Cette interpénétration des âges de la vie précédant la condition d’adultes est pour l’auteur liée à l’évolution du rôle de l’adulte (Gauchet, 2004, p. 43). Bien que cette notion soit remise en cause et fasse l’objet de nombreux débats, notamment en regard d’autres catégories comme celle de « jeunesse » ou de « post-adolescence » (Galland, 2001), elle permet de mettre l’accent sur la période de transition dans laquelle se trouvent les individus concernés.

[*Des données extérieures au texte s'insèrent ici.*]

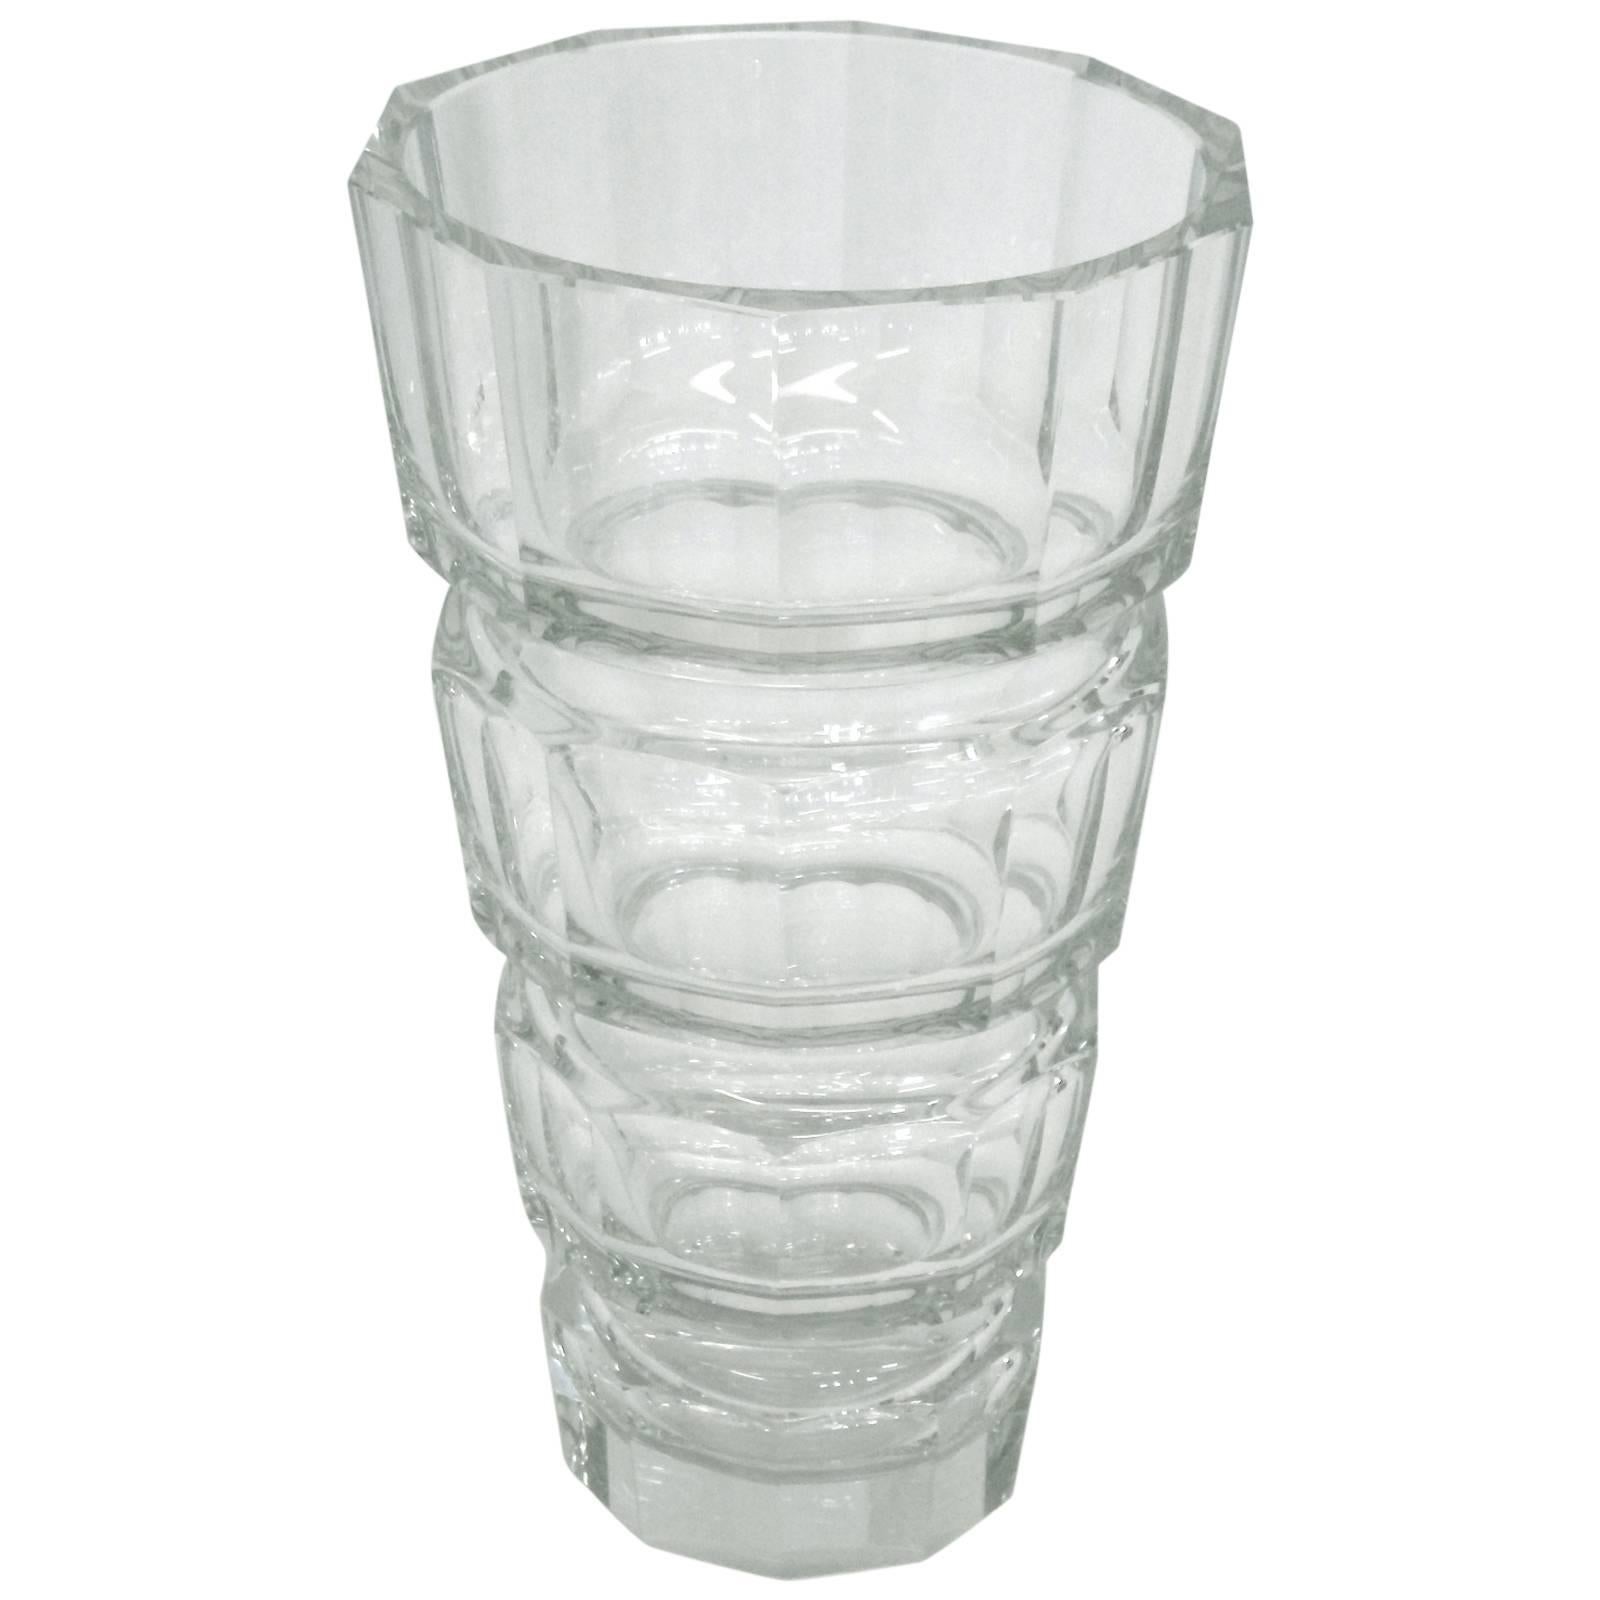 Josef Hoffmann Designed Crystal Glass Vase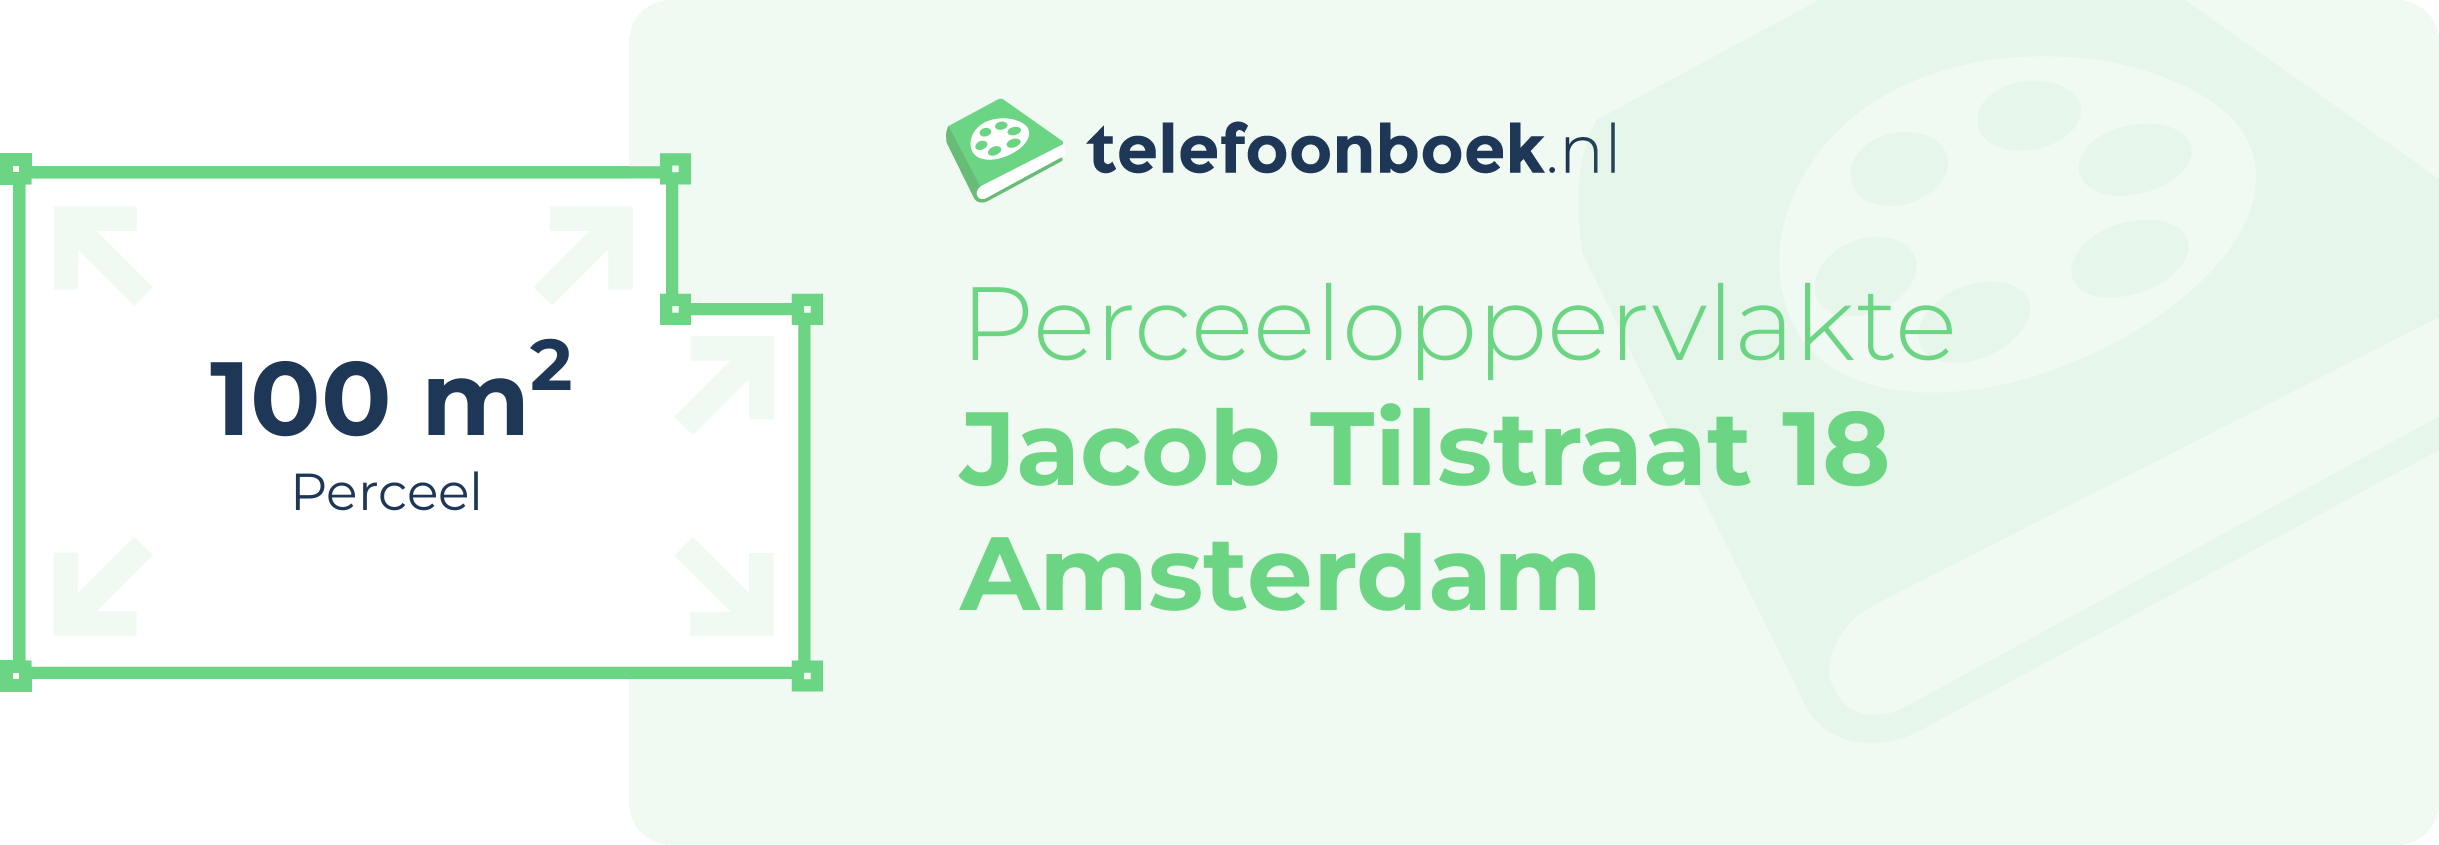 Perceeloppervlakte Jacob Tilstraat 18 Amsterdam

Les adolescents se situent donc à l’interface entre les deux catégories « enfants » et « jeunes ». Si l’on observe les tranches d’âge auxquelles se réfèrent les travaux en géographie portant sur l’une ou l’autre de ces catégories, on s’aperçoit que les adolescents peuvent être pris en compte dans les enquêtes, alors que le terme même est plutôt rare dans le contexte scientifique francophone. A l’exception de certaines recherches, les travaux sont polarisés autour des deux catégories d’enfance et de jeunesse. Le même constat peut être établi dans le contexte anglophone. Dans son article « Nothing to do, nowhere to go. Teenage girls and

« public space » in the Rondda Valleys, South Wales», Tracey Skelton note le manque de

travaux en géographie portant sur les adolescents, et notamment sur les filles (Skelton, 2000). Face à ce constat qu’elle explique par la volonté des adultes d’écarter les adolescents d’un espace public qu’ils se réservent, Tracey Skelton analyse les adolescents dans l’espace public à travers une division binaire, dont elle montre qu’elle s’applique à la fois aux personnes (adultes/enfants, garçons/filles) mais aussi aux espaces (publics/privés). On retrouve l’idée du binaire dans les représentations de l’enfant dans la rue avec la double figure de l’ange et du démon déjà mentionnée (Valentine, 1996). Evoquant une population « in-between », en ce qui concerne son âge mais aussi les représentations associées à sa présence dans l’espace public (Matthews, Limb et Taylor, 2000, p. 65), l’adolescence est un concept qui permet de prendre en compte la dialectique continue qui traverse le sujet de cette thèse, en même temps qu’elle correspond à une période de profonds remaniements identitaires, importants dans la situation étudiée.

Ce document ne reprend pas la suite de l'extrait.